The resident Pastor, and my brother (who is also a Minister) shared the leadership of the memorial service. Together they spoke of his love of God and for his family. Of the faith required to immigrate to Canada with a wife and five children, to start anew, to work things out, and the courage that's fueled by genuine faith - deep and abiding faith that enables us to believe that we have made good, sound decisions and that all will be well through-out and all the way to the end.
And so it was for my father.
My father taught us all to love one another - to be kind and considerate, to respect and care for others - and to have faith in God, in his guidance and importantly that the combination of love, faith and our daily best is enough.
Thanks to my father and Charlie I now understand that much better.
When my wife and I picked up Charlie we found a happy dog who had not only enjoyed his visit with Danielle - but with her husband Paul as well. Danielle and Paul lost their dog a few months ago and found Charlie to be a kind, considerate, bundle of unconditional love who was more than happy to spend his day playing with them.
As I write this blog I am reminded of how blessed I am. To have had a wise father to support and guide me well into my mature years. To have a strong spiritual foundation to build on to see me through and pull me through the tough times and the good times. And to have Charlie to remind my of how love and faith combine to give us the courage to face today and tomorrow with the confidence that comes from knowing that today our best was good enough.

The Two Legged Dog . . .


Recently Charlie and I were watching that 'dog wisperer' show. You probably know the one. Most episodes are pretty much the same. Out of control dog gets put in his place and is happier for it. This show was different. It featured a little two legged Jack Russel kinda dog. He hopped around like a kangaroo and flopped onto his belly when at rest. His owners had made him a carriage that would allow him - and the rest of the pack - greater mobility. The dog whisperer was there to help the dog into the device and help him explore his new-found freedom. The show ended on a high note.

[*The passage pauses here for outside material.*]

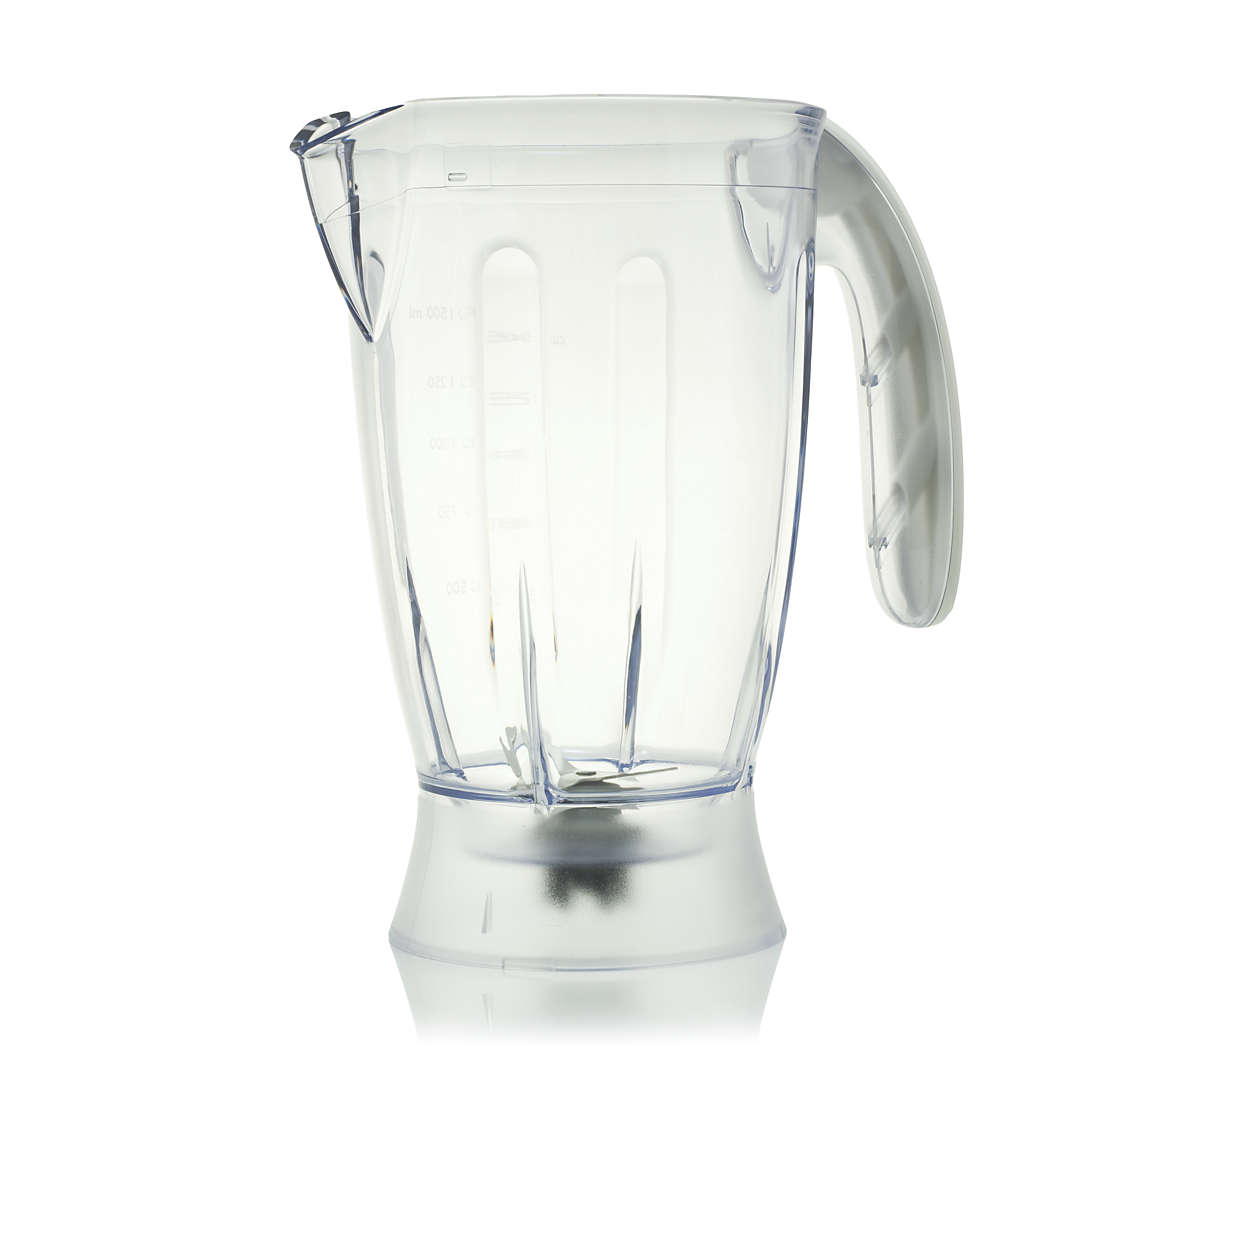 Blender beaker for your food processor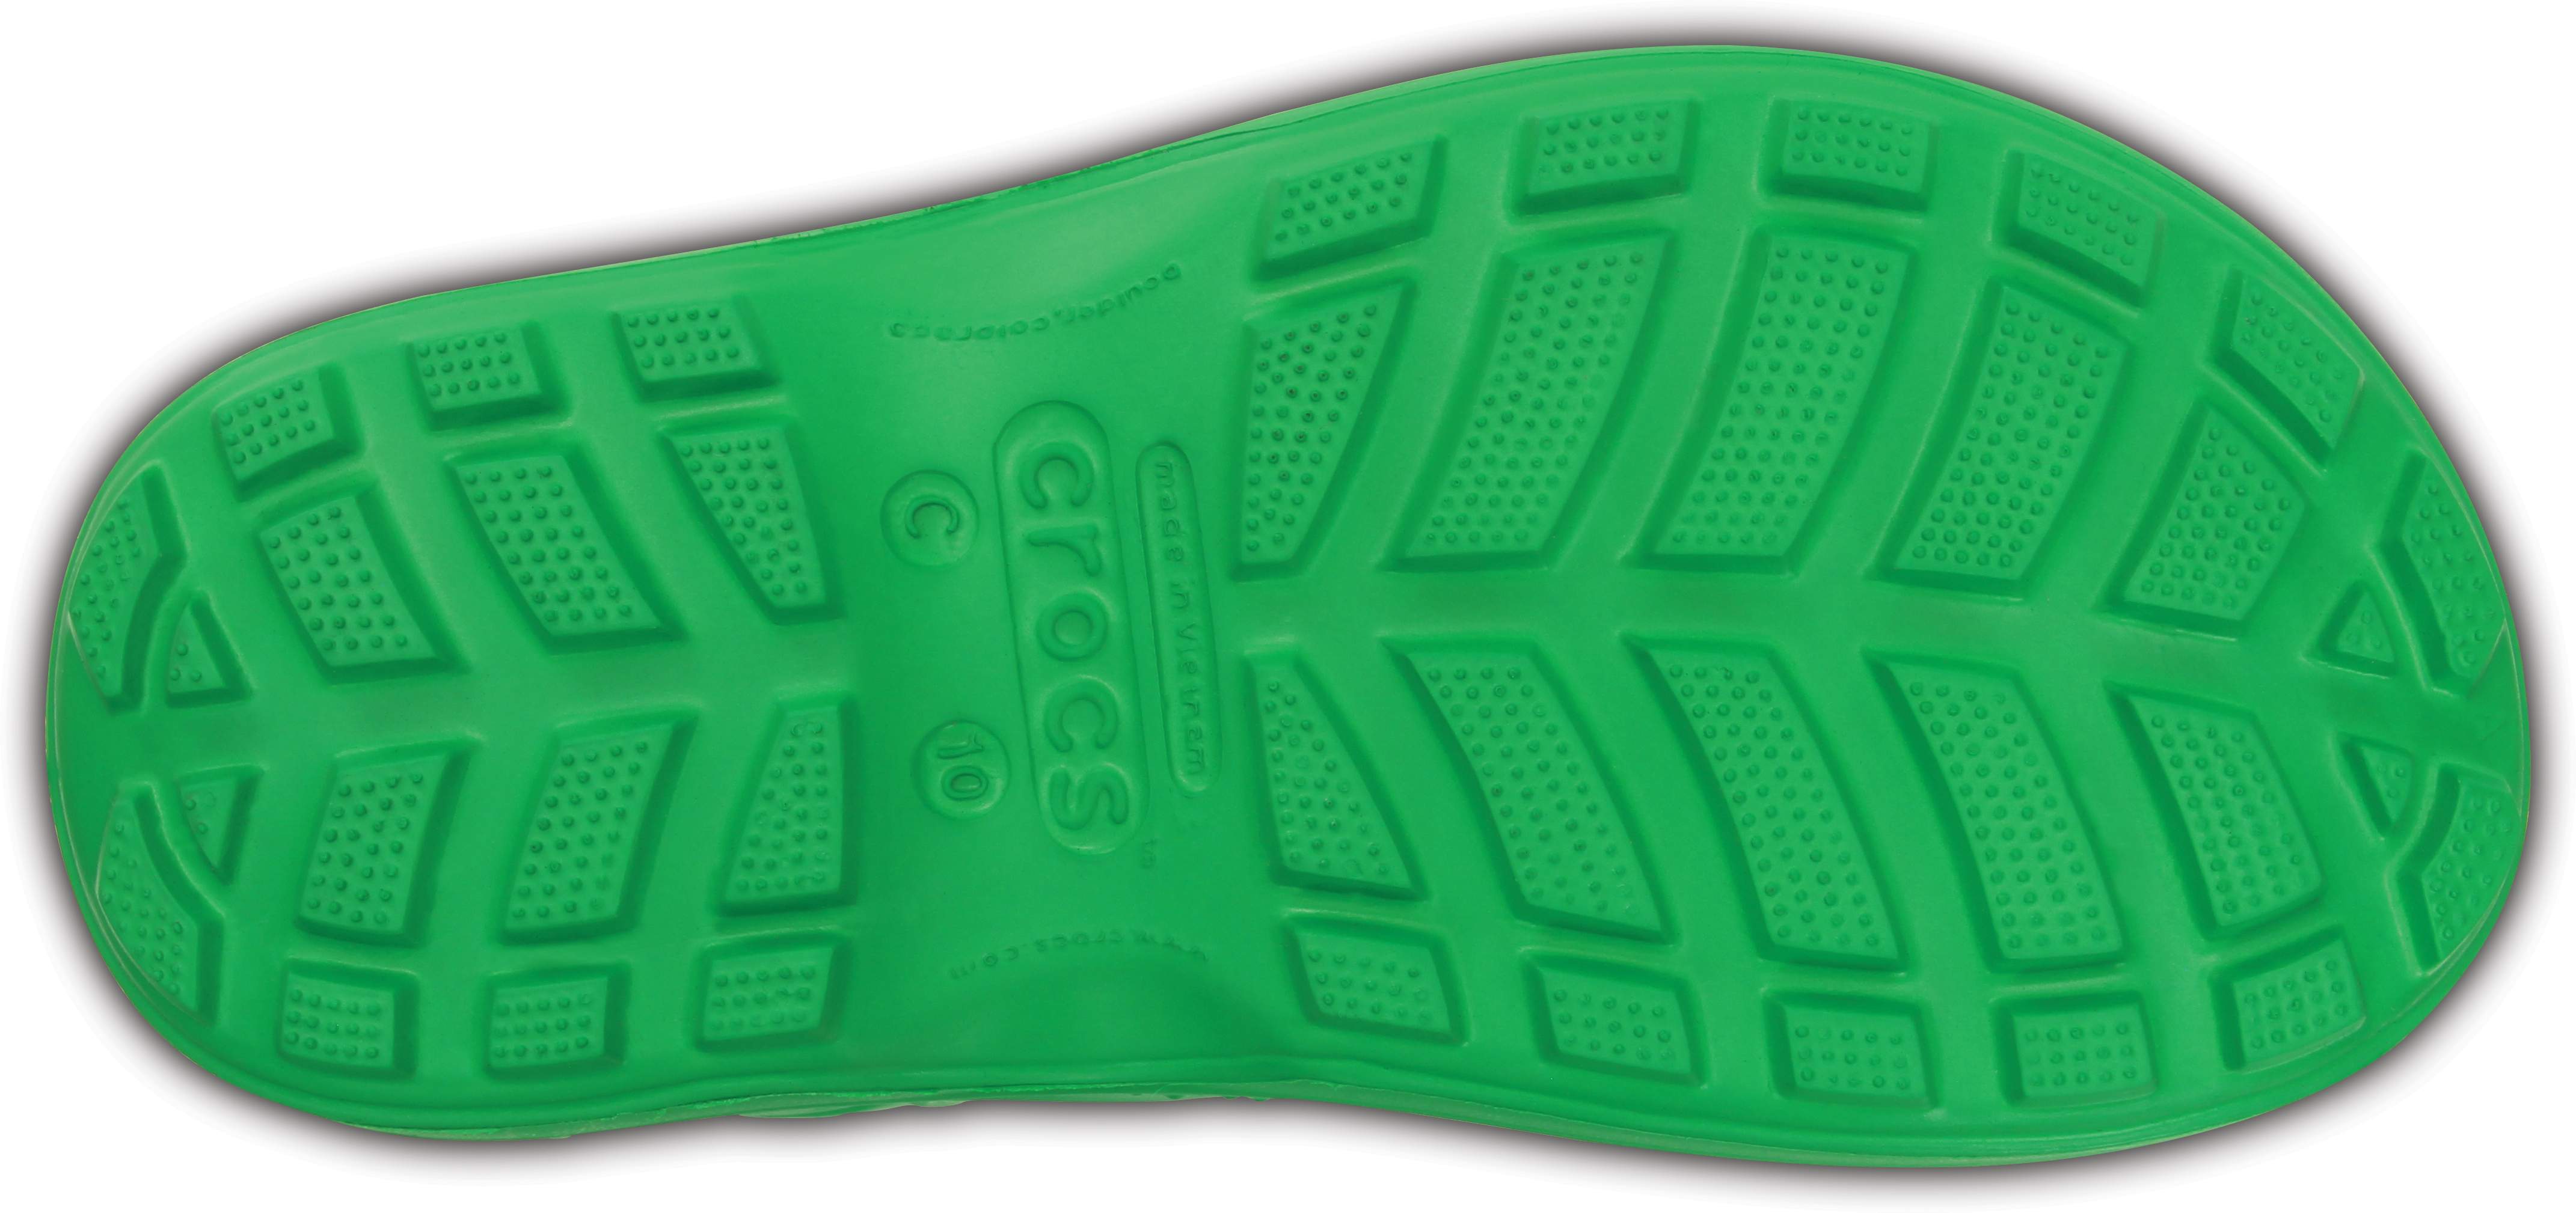 crocs j6 size

For some reason I thought of that episode last night after talking to another dog walker who was feeling melancholy.

What was moving was the happiness of the little two-legged dog and the couple who loved him - just the way he was. There was no physical disability as far as the dog was concerned. Better yet - he was part of a pack that adored him.

And that's what got me thinking. It made me think of how happy we are when we remain in the moment. When happiness comes from within. When it is not a relative thing based on me or us having more than you.
Charlie has taught me - and reminds me every day - that life is good. That I should give thanks for what I have. And that wishing for what others have destroys the happiness of the moment we're in and all of those to come.

I found this attributable quote 35 years ago: it's an integral part of my life now.

Happiness is the ability to make a bouquet out of the flowers within reach.